Which should be soon…. Three hours had sounded like an age when she’d cited it, but time passed faster when Priya and Far were alone together. There was never enough—every second, every breath felt stolen.
“The others will be waiting for us.” Priya hated to say it. How many moments like this had she wanted to press Pause? To rest her head against his shoulder as long as she possibly could? Instead, their lives felt stuck on Fast-Forward. Flying here and there, caught up in capers, rushing, rushing, rushing…
… to what, exactly?
“Someone’s always waiting for something. Imogen and Gram are at the biggest grown-up playground in the world. I think they can manage to keep Eliot distracted for a few more hours.” Far smiled. “If you wanted to pick up where we left off.”
Oh did she.
Plastic spoons, the missing Rubaiyat, the unsettled rush—all this faded when Far’s fingers trailed up her arm, along the garment’s green gauze, over the bare skin of her shoulder. This was the pause, the beat, the shiver…. Something worthy of a snapshot. Priya could command her interface to take an actual photograph, but she preferred collecting the details of Far through memory alone. His eyelashes, thick as ink. The sun spiraling off his curls. The many degrees of emotion caught in the angle of his lips. Herself—far away in the center of his eyes—another world of details and memories made.

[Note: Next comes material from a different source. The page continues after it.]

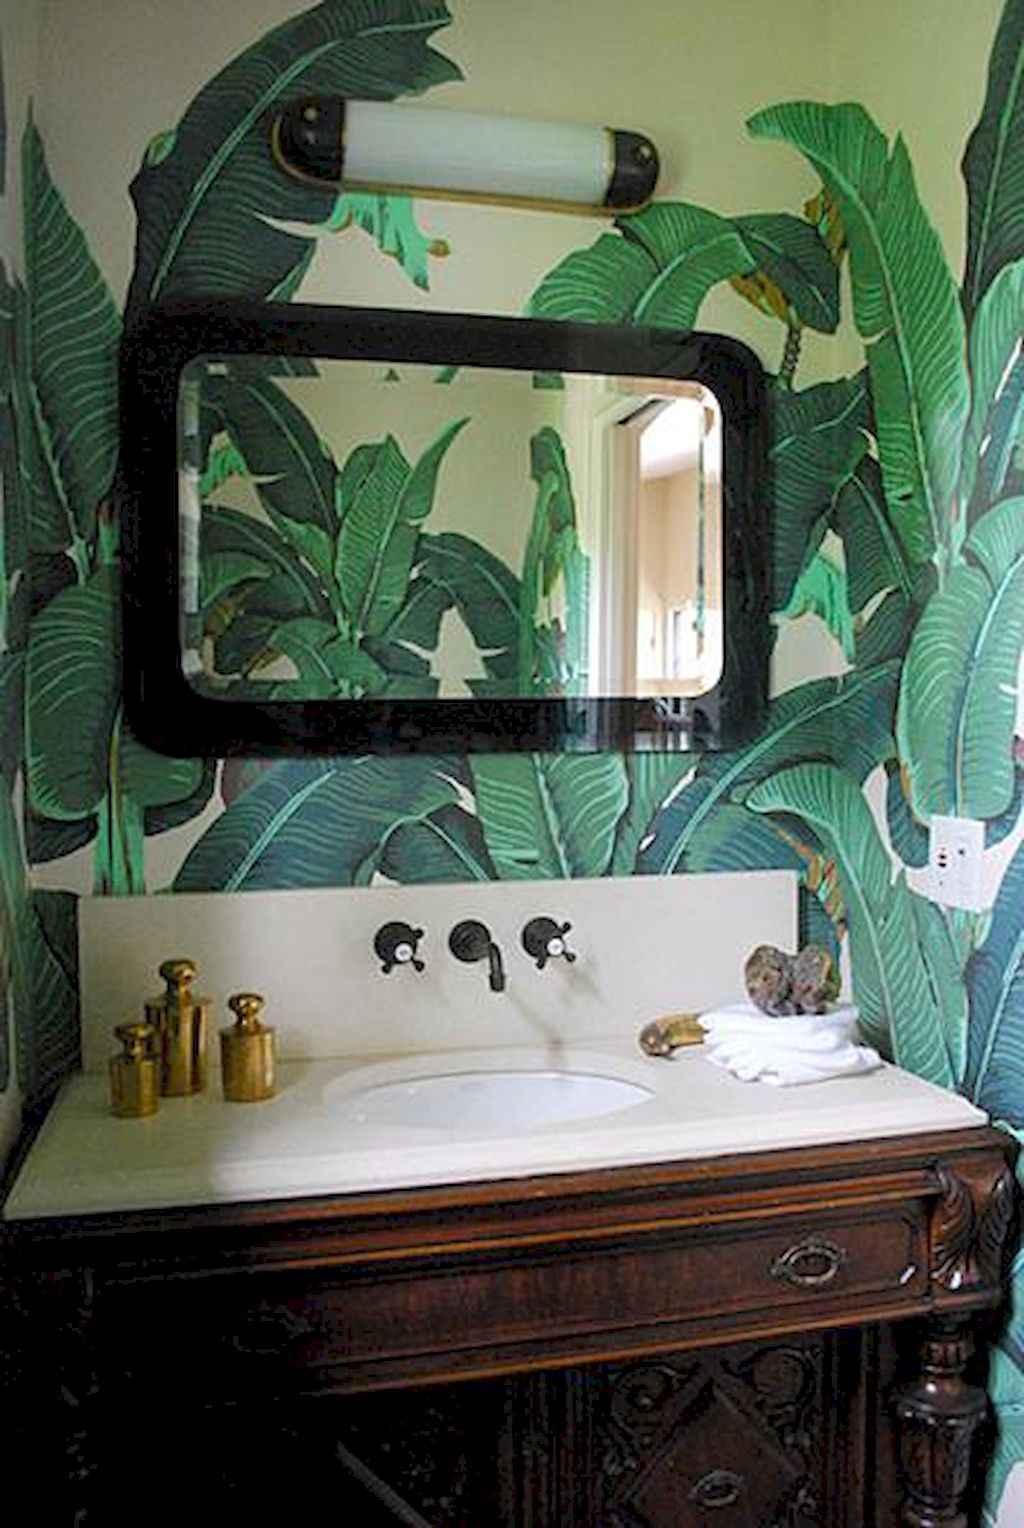 60 beautiful vintage powder room ideas 5 for 60s bedroom ideas

It was a still point. A perfect moment.
She let it stretch on as long as she could.
18
IN THE GARDEN OF THE GODS
SO MUCH WASTE.
It was impossible not to think this, sitting in the Garden of the Gods. There were seven different swimming pools in Caesars Palace, most named after the expected gods: Bacchus, Apollo, Venus. It wasn’t the imitation of grandeur that bothered Eliot, though it was underwhelming after standing in the shadows of real Roman columns. It was the assuredness of excess: fountains gushing in the desert, middle finger to Mother Nature, partygoers reveling while a few miles away Lake Mead shrank to critical levels.
It was ironic. No, that wasn’t the right word. Tragic? Smacking of poetic justice? Maybe she was being too critical. Eliot’s mother had always teased her for being a glass-half-empty kind of person.
It’s the one thing I can count on, she used to say in her lilt of a voice.
The memory was faint—an echo, really—but it caught Eliot like a blade between the ribs. She sat up in her lounge chair, breath sharp, borrowed sunglasses sliding down her nose.
“Everything okay?” Imogen propped herself up in the next chair.